Blistering.com: I’m curious about the circumstances of you joining Marduk. How long had you known Morgan before that happened?

Actually I never knew Morgan personally before joining the band.

Blistering.com: Was Legion out of the band by then?

Good question…I think so, he was out officially by then.

Blistering.com: How did he approach you, since you didn’t know him?

I was of course very familiar with the band’s music and history. He called me two weeks before, and we had a serious conversation. We discussed about the band…he told me his vision, where he wants to take it next, and he asked me where I stood on that, what my vision would be. We realized immediately that we had a lot of things in common, lots of similar interests, but ultimately we both had the same goals…not only as to the next level Marduk should be taken to, but Black Metal as a whole.

Blistering.com: How long did it take until he said you were in?

Actually that was before this discussion I think…I don’t remember exactly, but he made it clear from the beginning that he wanted me on board.

Blistering.com: read statements that your work on Funeral Mist’s “Salvation” was the factor…I bet you were excited as hell when he came with the offer.

I was excited, of course. How could not I have been? Especially after we had the talk I told you about, when we discussed about the goals of the band, about what I would bring…I felt very confident about. If Morgan hadn’t given me full freedom, I would most likely not be in Marduk.

Blistering.com: You never toured with a band, as a vocalist…Mortuus: No I never did.

Blistering.com: He only knew what you can do from listening to Funeral Mist…and you did have to fill in Legion’s shoes. That had to be his main concern, that you can do that night after night.

You should probably ask him that…

Blistering.com: Right, but here is what I really want to know: Were you confident you could pull it off on a full tour, night after night?

Absolutely. I know very well what I’m capable of. I know that what you hear on the records is what you will see and feel on stage. But I guess for him it was a gamble, in a way…

Blistering.com: You’ve seen Marduk with Legion…what did you think about his presence on stage as a whole, not only his voice? He was an intense guy…

I like his voice on some of the albums, not all of them though. Panzer Division Marduk is the one that really stands out for me.

Blistering.com: Seeing him on stage…have you ever thought that “I could be better than this guy?” Or if not that, did you think you could take it to a whole new level?

The thing is, I have a very clear vision of what black metal should be. That’s what you’ve seen two nights ago on stage, and that’s what you’ll see tonight on stage as well, as simple as that. My vision of black metal is probably different than his. I’m not saying that I dislike what he did. I just think it’ different.

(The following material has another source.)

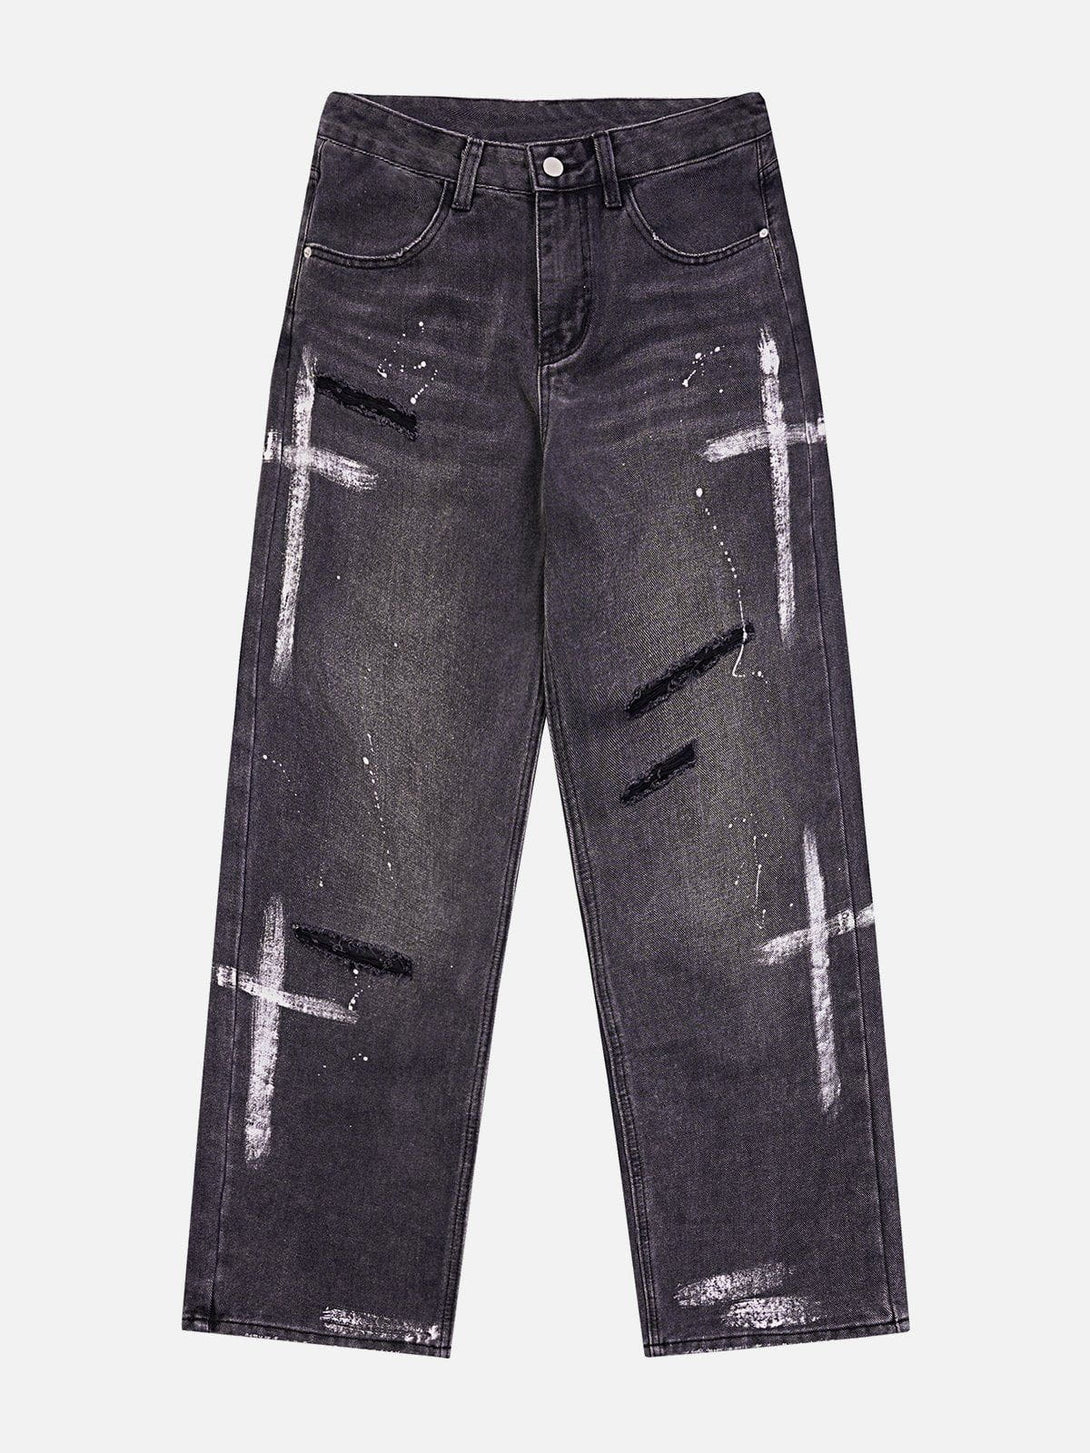 AlanBalen® - Hand Painted Cross Hole Jeans AlanBalen

Blistering.com: Salvation is believed to be the album that started the whole Orthodox Black Metal movement. People look at it as probably the most important step, its cornerstone. This music is not what it was ten years ago…if you look at what’s happening in France, Deatshpell Omega, etc…

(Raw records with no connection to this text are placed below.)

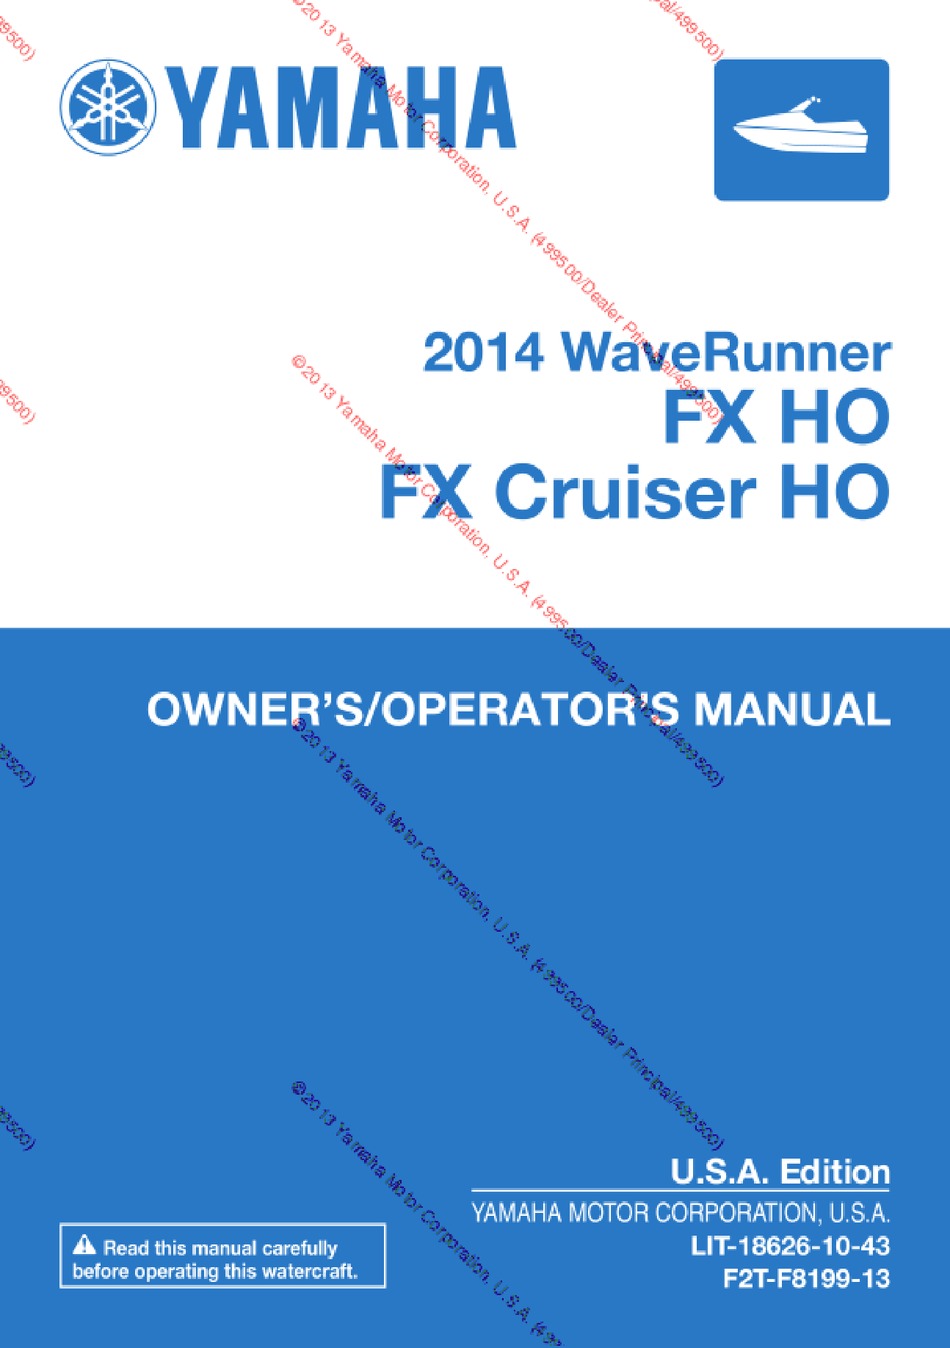 YAMAHA FX HO OWNER'S/OPERATOR'S MANUAL Pdf Download | ManualsLib
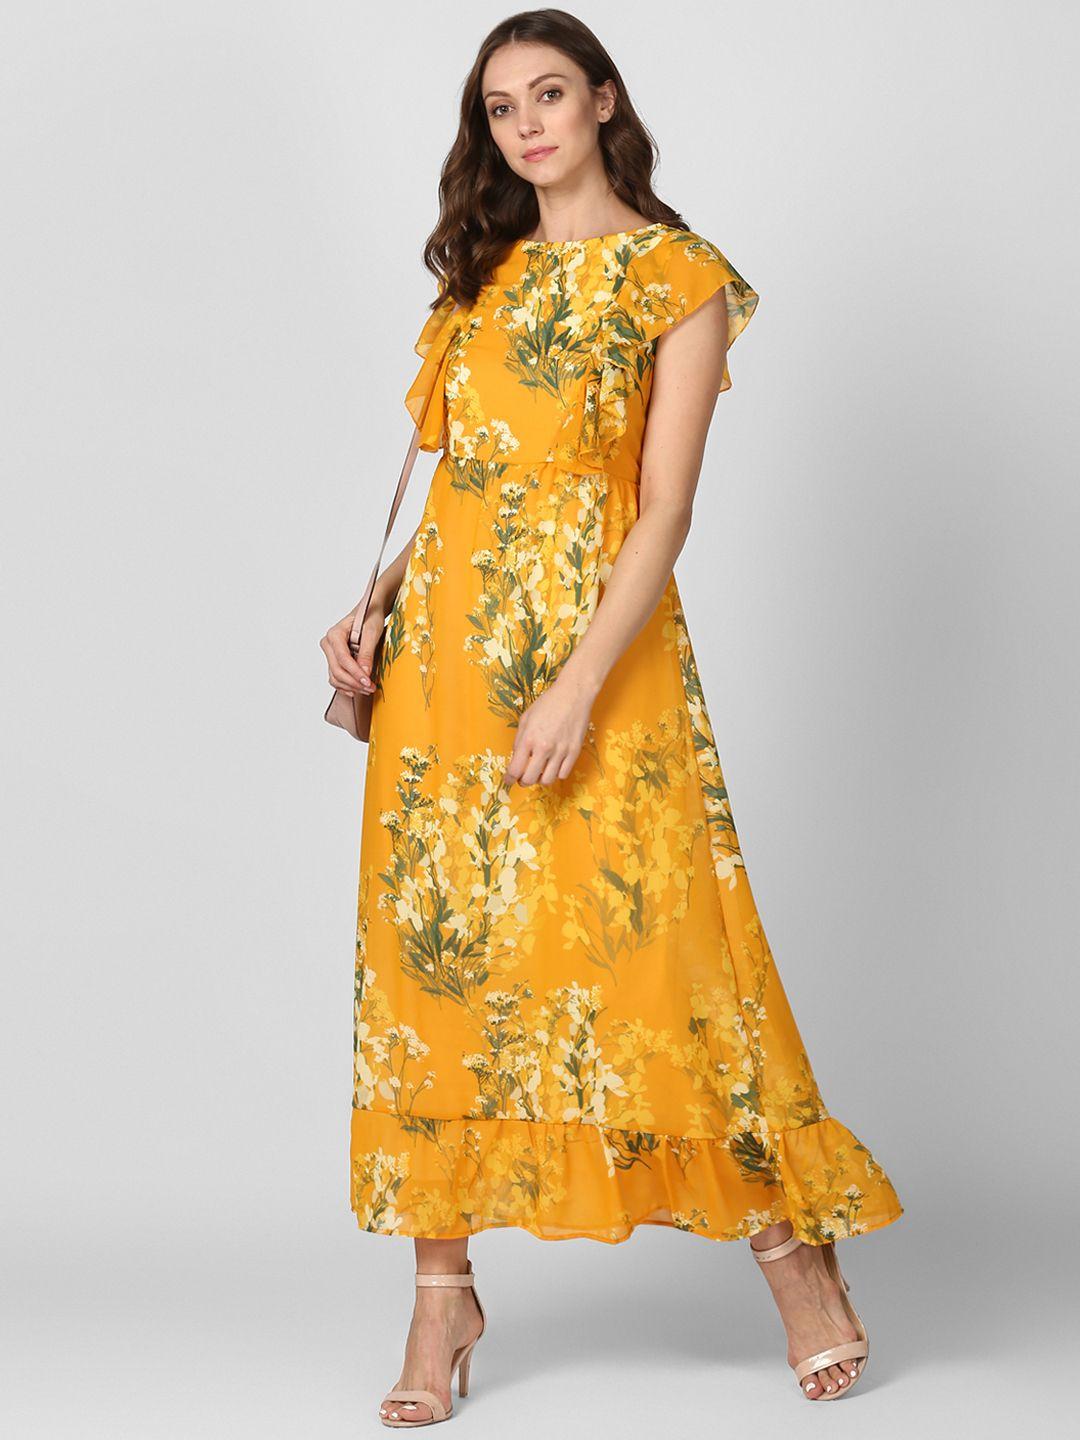 stylestone-women-floral-print-yellow-maxi-dress-with-ruffle-detail
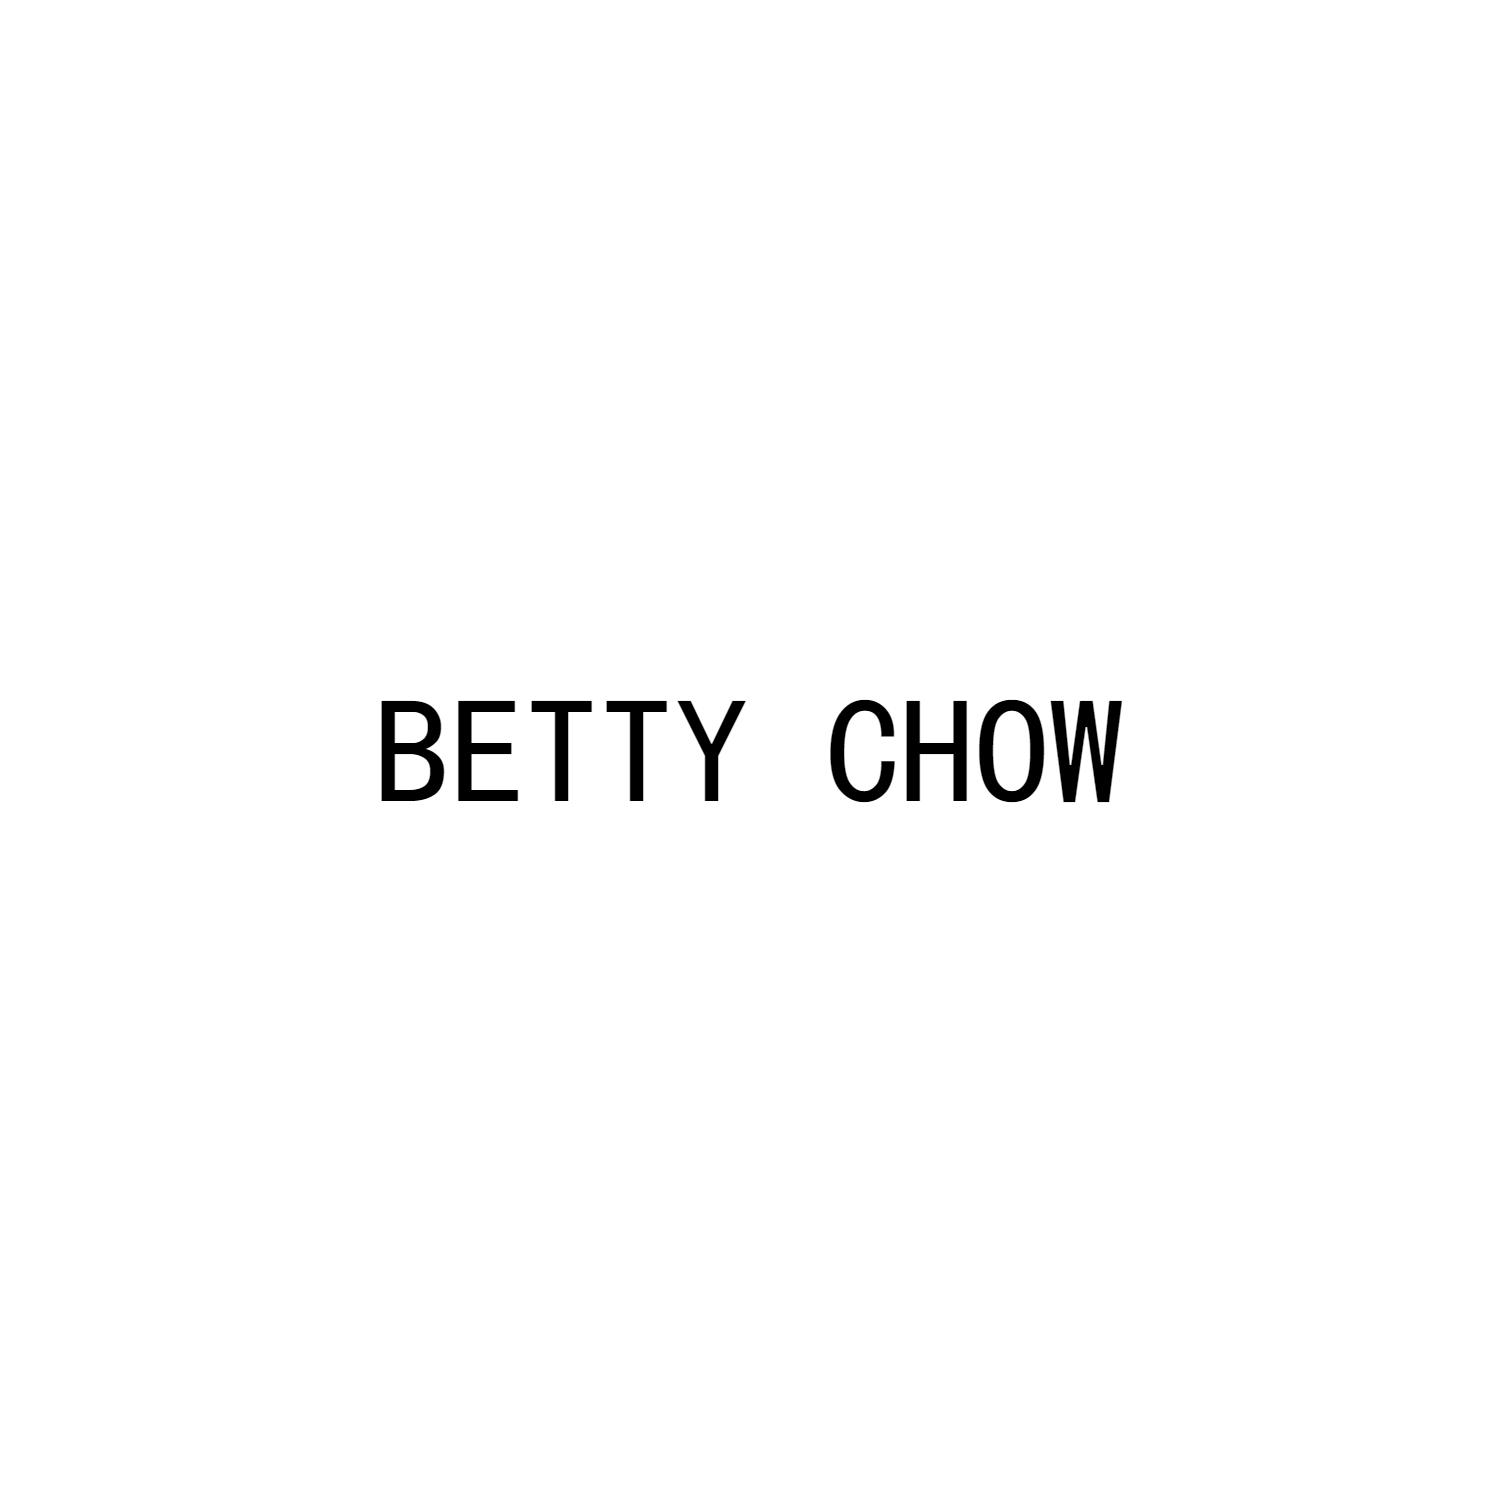 BETTY CHOW

First of all I should say that I could never take credit for starting this kind of genre…you had bands like Ofermod who at the same time were doing the same thing, so I don’t want to take credit for anything, I just had my own vision. But these sort of things really don’t matter to me, labeling things for example. I like the idea of Orthodox black metal in one way, but on the other hand I don’t like it, I hate it even, because all black metal should be Orthodox. It shouldn’t be necessary to add this name to it. Also for the record, if some think that this name is added to just mock Christianity, they’re wrong, it’s nothing like that. It’s more like the purity of the music, it’s sacredness.